Assigned task:
Return the listing below exactly as it stands. Pictures stay out.

Supplied data:
----

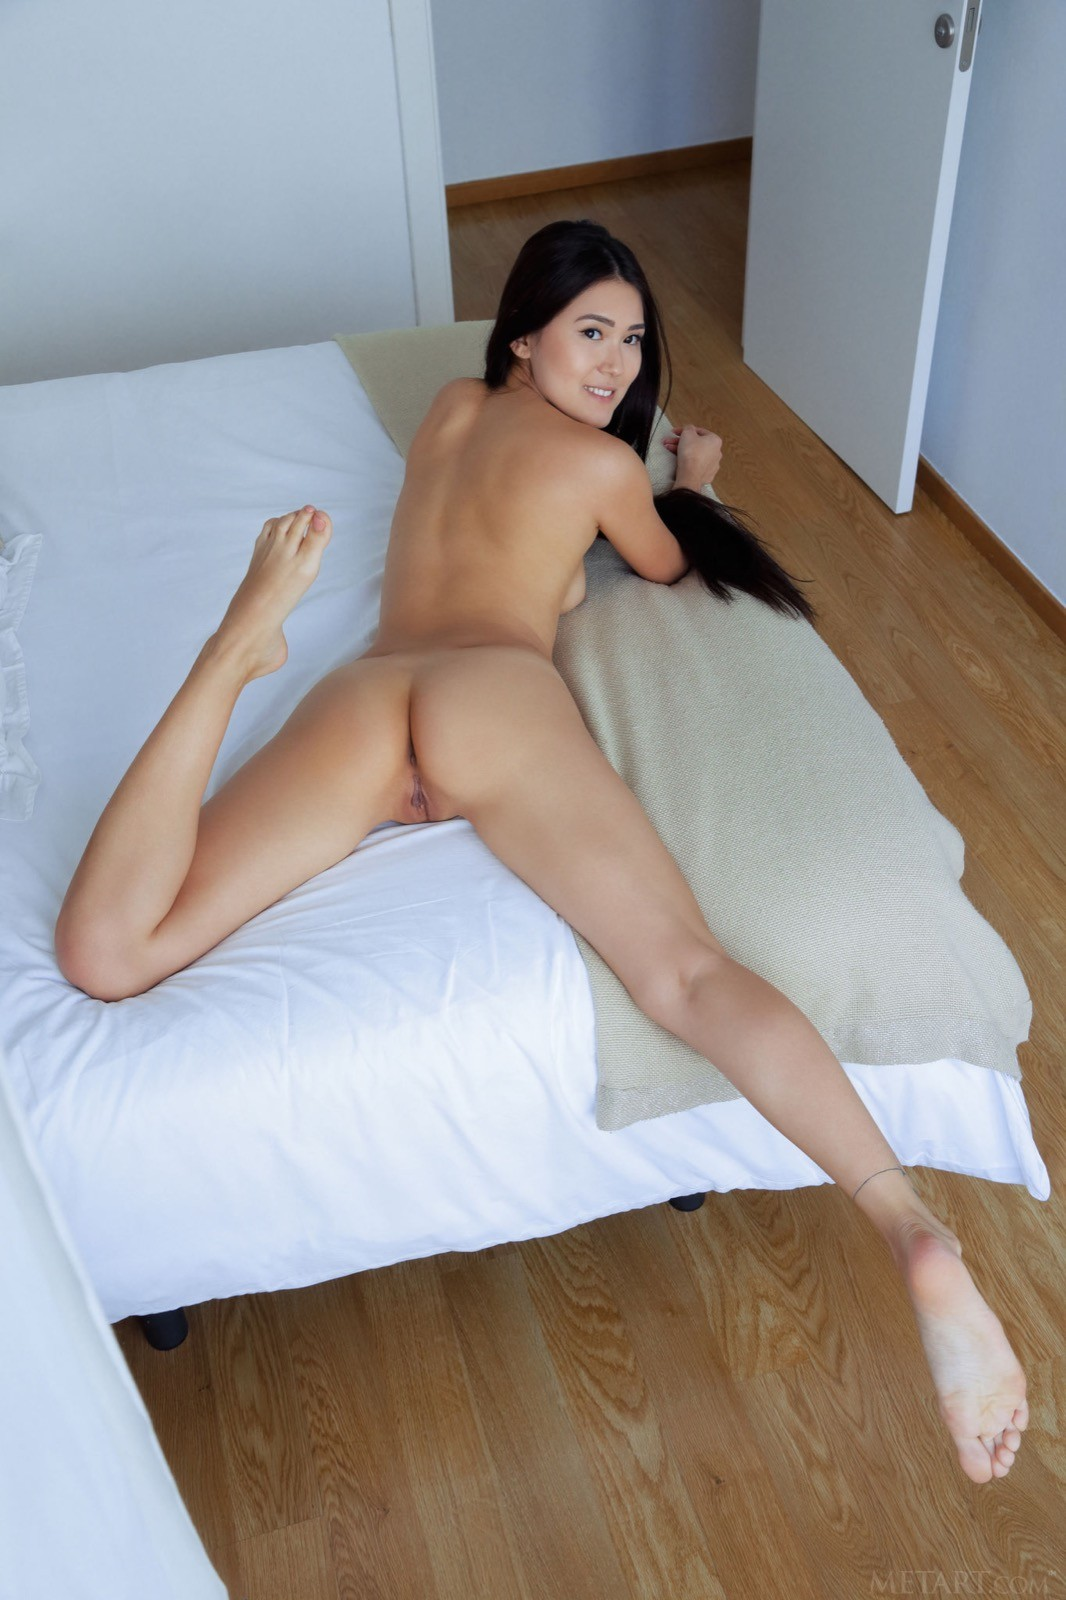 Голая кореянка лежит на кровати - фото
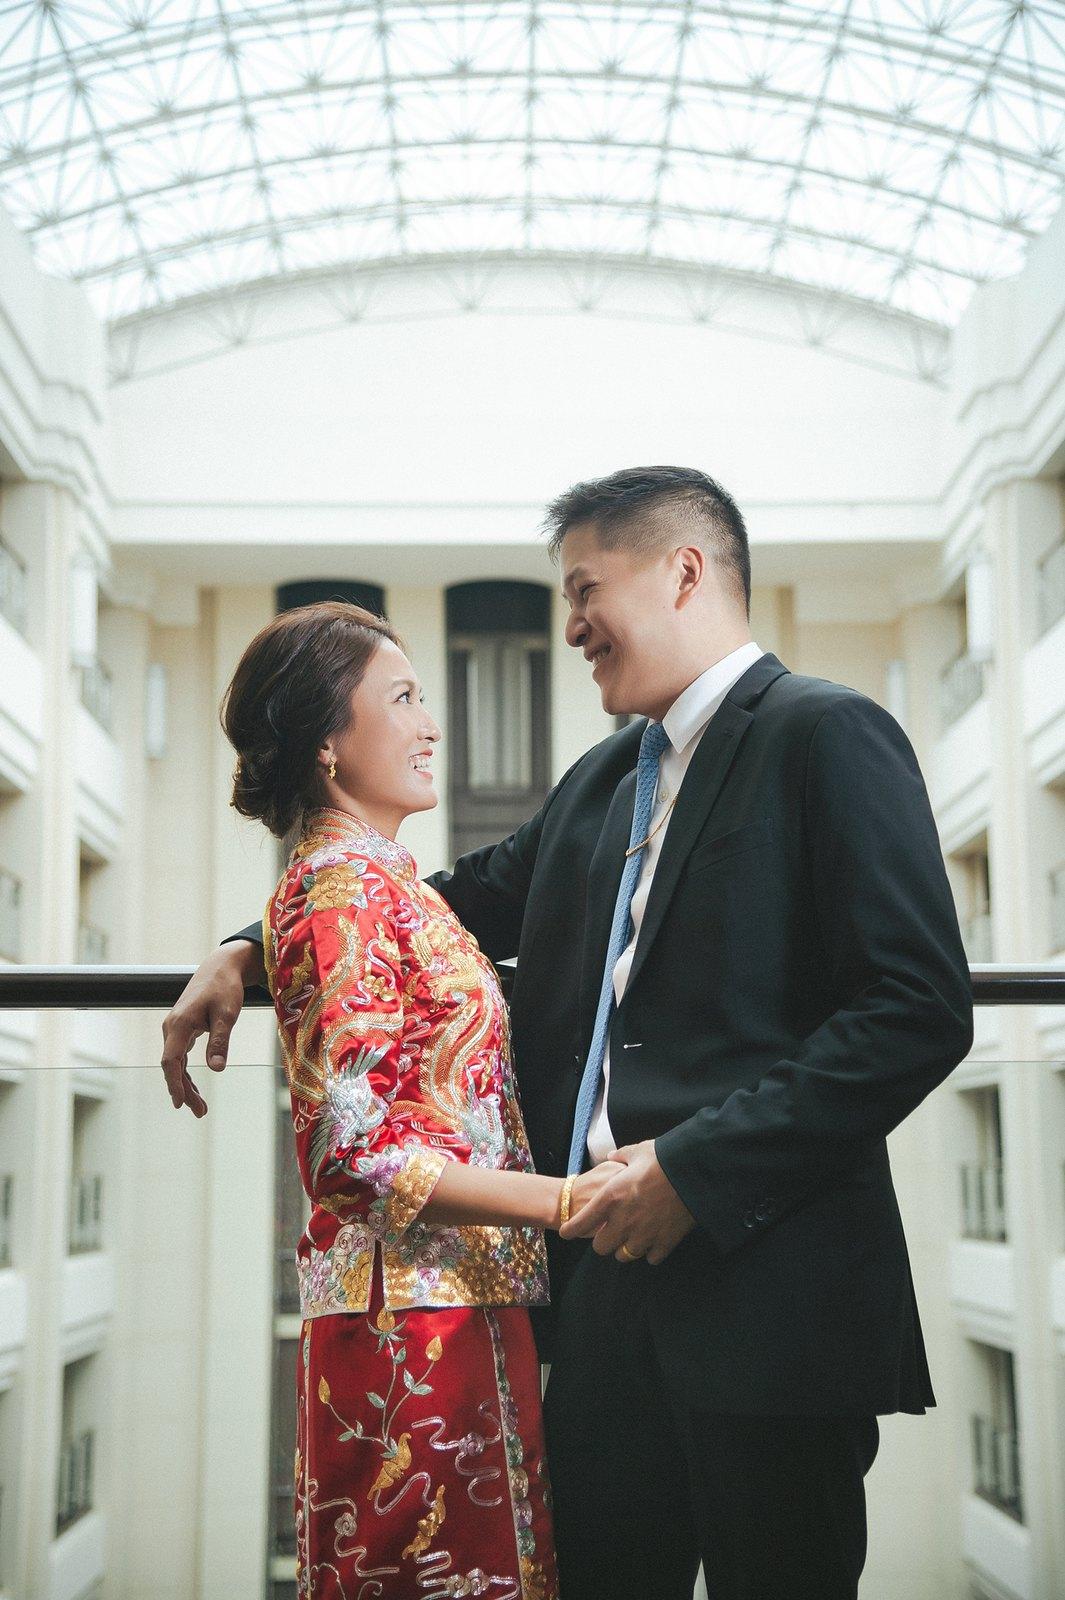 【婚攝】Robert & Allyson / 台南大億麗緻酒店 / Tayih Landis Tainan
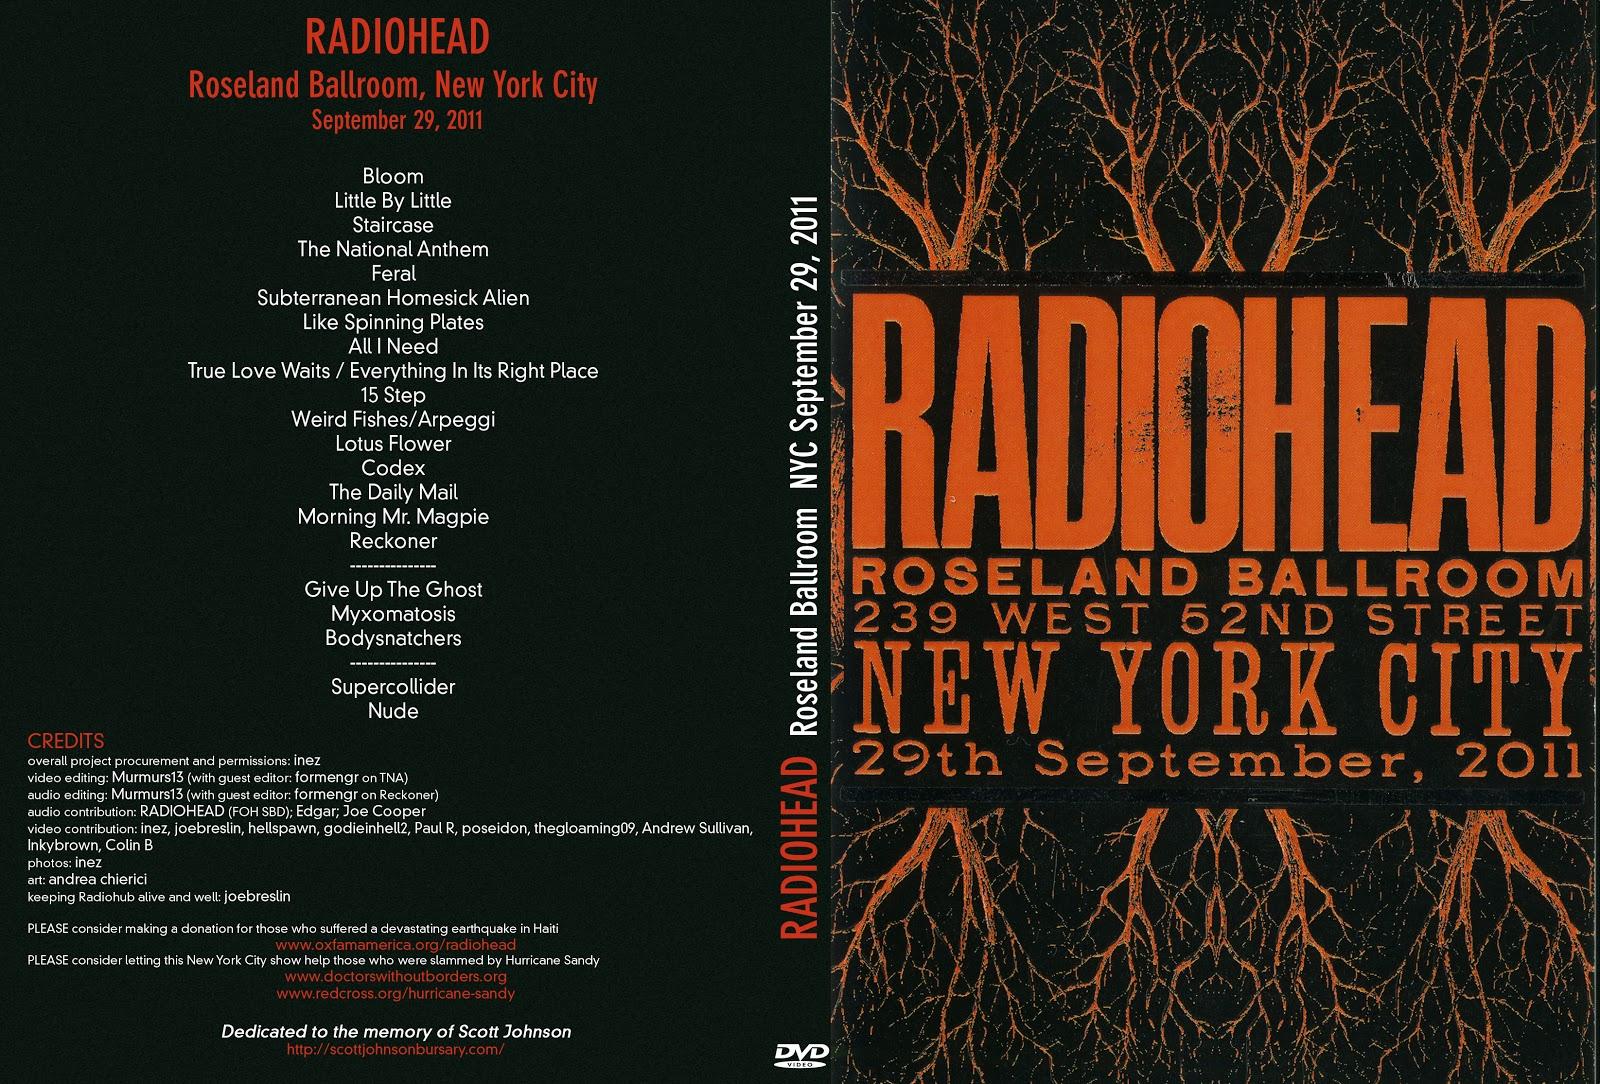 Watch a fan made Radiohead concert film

----

The answer:
 Голая кореянка лежит на кровати - фото
 【婚攝】Robert & Allyson / 台南大億麗緻酒店 / Tayih Landis Tainan
 Watch a fan made Radiohead concert film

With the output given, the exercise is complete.